ZBB - ZBB Energy Corp is ASX listed company that has recently had a 1:17 rearrangement with listing on the AMEX (as ZBB) with intention of delisting from ASX in August. I hold but am puzzled about the ASP sp since the US price seems to be at 15-20% premium ABOVE the Australian price! Is this a trap or is it "free" money? 

When the stock eventually delists I know I can sell through an offshore broker (which one?) but am not sure that the price I get above the Aust price is the difference between the fees and charges. 

Should I be buying more? They seem to have been doing better lately than for the last 18 months. All advice gladly received


----------



## ta2693 (17 July 2007)

drmb said:


> ZBB - ZBB Energy Corp is ASX listed company that has recently had a 1:17 rearrangement with listing on the AMEX (as ZBB) with intention of delisting from ASX in August. I hold but am puzzled about the ASP sp since the US price seems to be at 15-20% premium ABOVE the Australian price! Is this a trap or is it "free" money?
> 
> When the stock eventually delists I know I can sell through an offshore broker (which one?) but am not sure that the price I get above the Aust price is the difference between the fees and charges.
> 
> Should I be buying more? They seem to have been doing better lately than for the last 18 months. All advice gladly received




I am also puzzled by arbitrage opportunity like this. It is too good to be true. 
But, from my point of view,  it is free money. 
It is very similar to EDN, On TSX, EDN is valued at $0.57, on ASX it is valued $0.44.


----------



## ta2693 (18 July 2007)

Just warning.
Do not expose yourself too much in one try,  including picking up free money. In share market, everything could happen. Some of them may just out of our ability to imagine. Make sure you will not die after one failure. 
Always make sure you have another chance to take another opportunity in the future, if you are wrong this time.


----------



## drmb (18 July 2007)

ta2693 said:


> Just warning.
> Do not expose yourself too much in one try,  including picking up free money. In share market, everything could happen. Some of them may just out of our ability to imagine.
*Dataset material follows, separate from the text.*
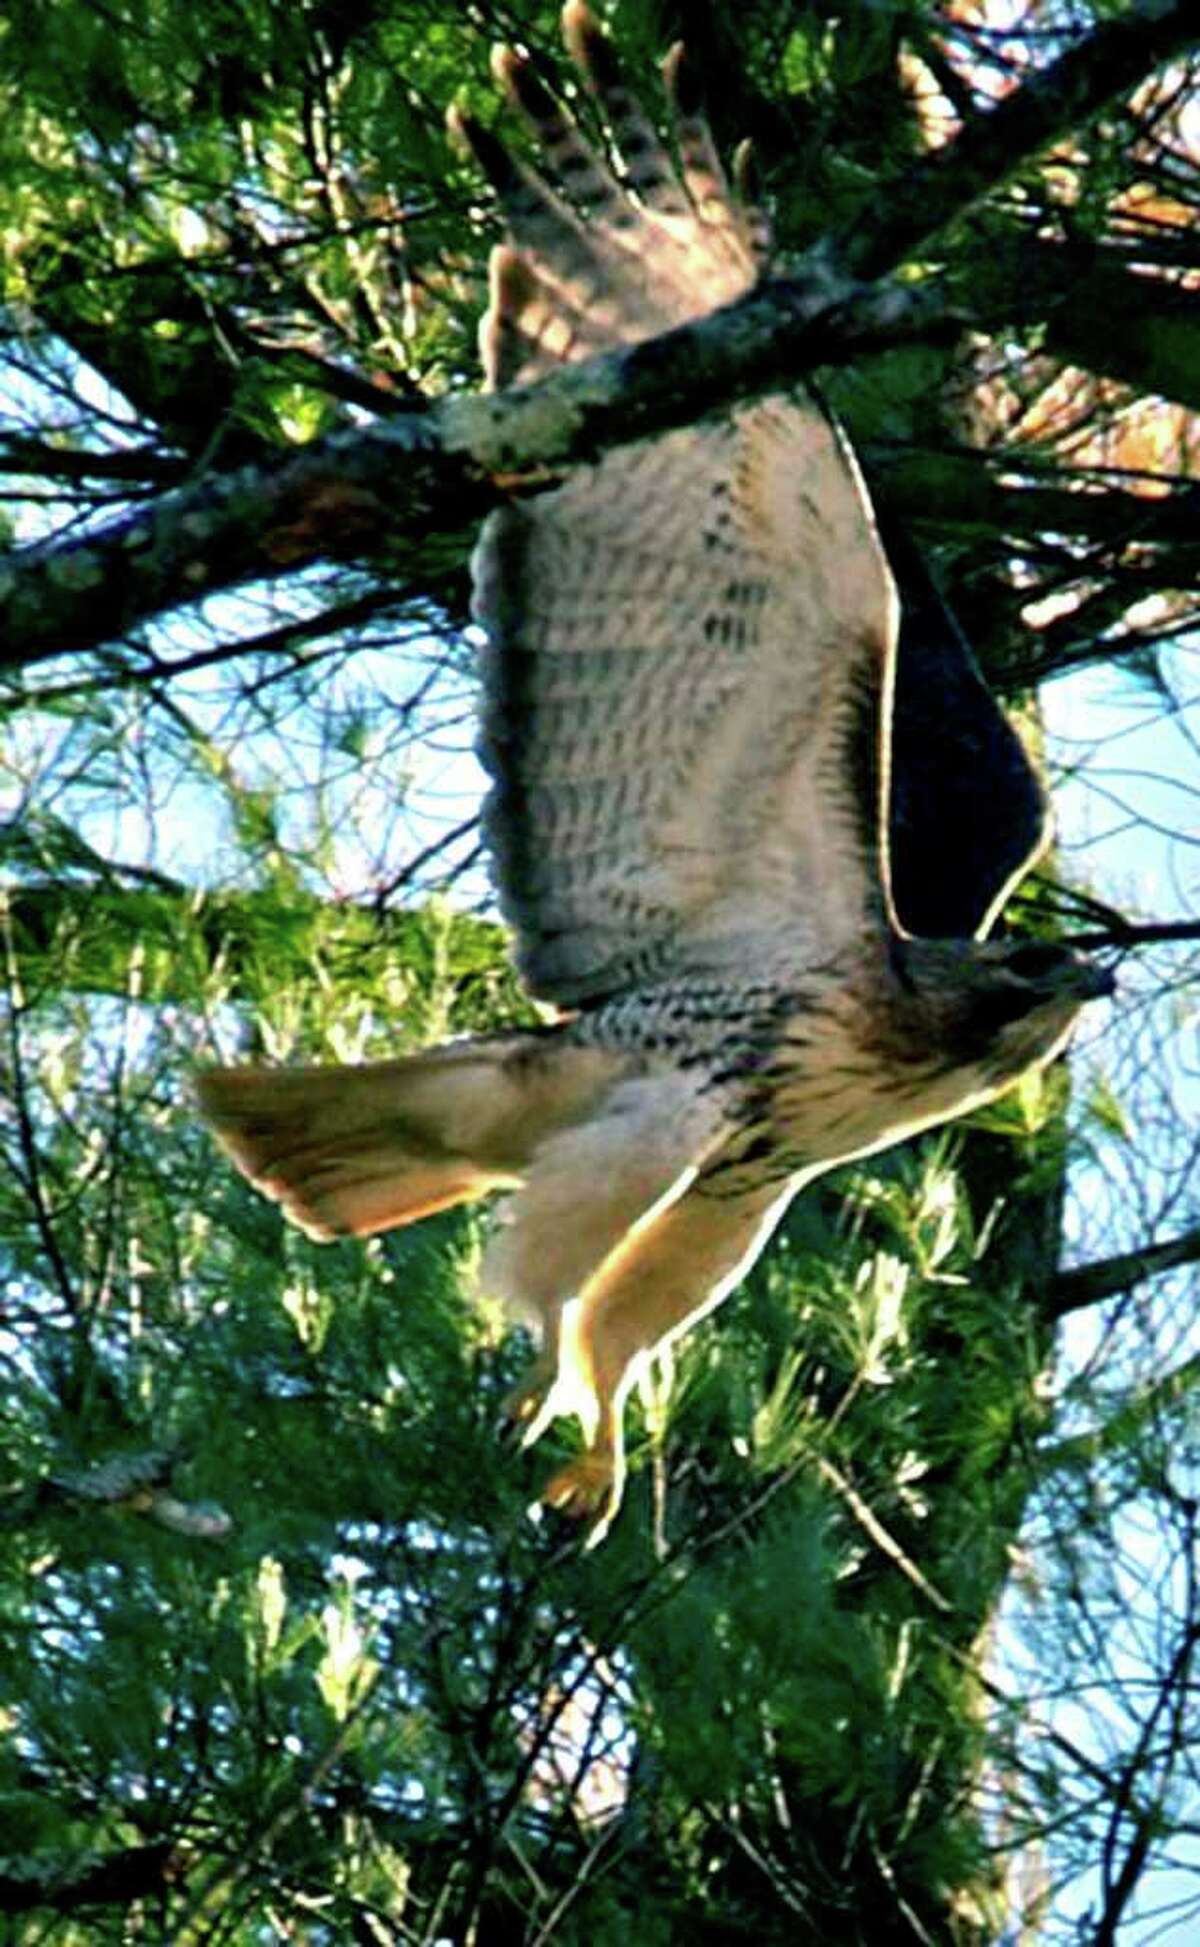 Spring fever SPECTRUM/It was that time of year for creatures big and small to spread their wings and enjoy improved weather. A hawk flies through the branches of a tree in the Candlewood Lake area of New Milford in March.

Make sure you will not die after one failure.
> Always make sure you have another chance to take another opportunity in the future, if you are wrong this time.




Thanks and advice well heeded - I have a pretty diverse portfolio and ZBB is currently less than 1%. But may have a look at increasing this some more as when it delsits from ASX the shares will be coverted to US. Cheers and thanks


----------